I can't believe she just said that. She believes it, but I don't, I can't. It doesn't matter, I tell myself, none of that does. All that matters is I have my Sam back.



*****



It's been a few days since the incident and Sam isn't any better. Cassandra's turned up. Daniel and I explain as best we can what's happened to Sam and I think she understands. I wouldn't blame her if she didn't, I don't fully understand, myself, what's happened over the past few days.

Together we enter the infirmary and I can see the pain on Cassandra's face. Here is the ever strong Captain Samantha Carter looking weak and helpless. It makes me feel helpless, knowing there is nothing I can do to help her.

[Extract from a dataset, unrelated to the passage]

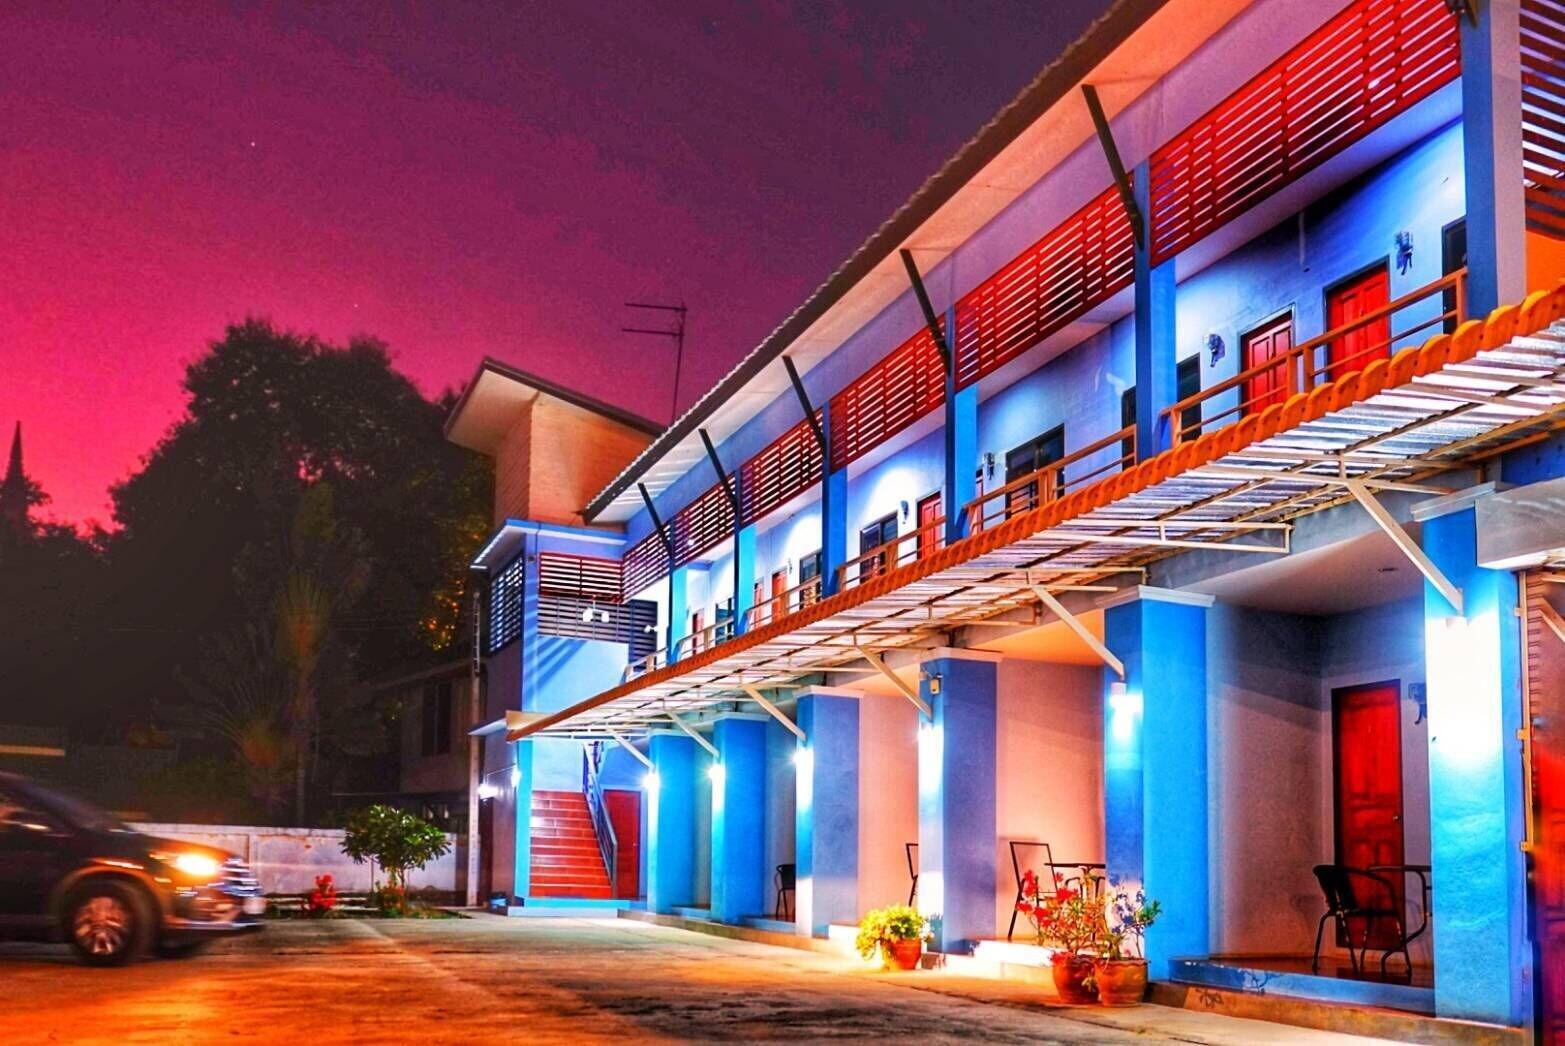 Tararin, Chiang Saen

It's time for us to be the strong ones and help her through this just as she's helped us in the past, but none of us know where to start.

She's lying there building walls, emotional barriers to prevent her from feeling the hurt. The sympathy from friends can easily worsen a situation especially if the snake was a good one that sacrificed itself for her. I can't let her succeed in blocking everything out. She needs to deal with her pain. How can I help her do that? I ran from my problems and was ready to die to escape them. Something saved me, I'm not sure what, but I survived. Now, we need something to save Sam. It's not that easy. She just lies there, face in the pillow, back turned to the world.

Cassandra moves towards Sam and leans on the edge of the bed. Sam refuses to even acknowledge the young girl. I feel bad for Cass, she doesn't understand what's going on. Then Cass puts a hand on Sam's shoulder. Still, Sam refuses to acknowledge her. She then tells her everything will be okay and Sam moves slightly. I can see it from here. For the first time in days Sam has moved. I can't see the expression on her face but I know she'll be okay.

I smile slightly knowing that Sam will be okay. She has friends to see her through this. I wish I'd had friends like these when Charlie died.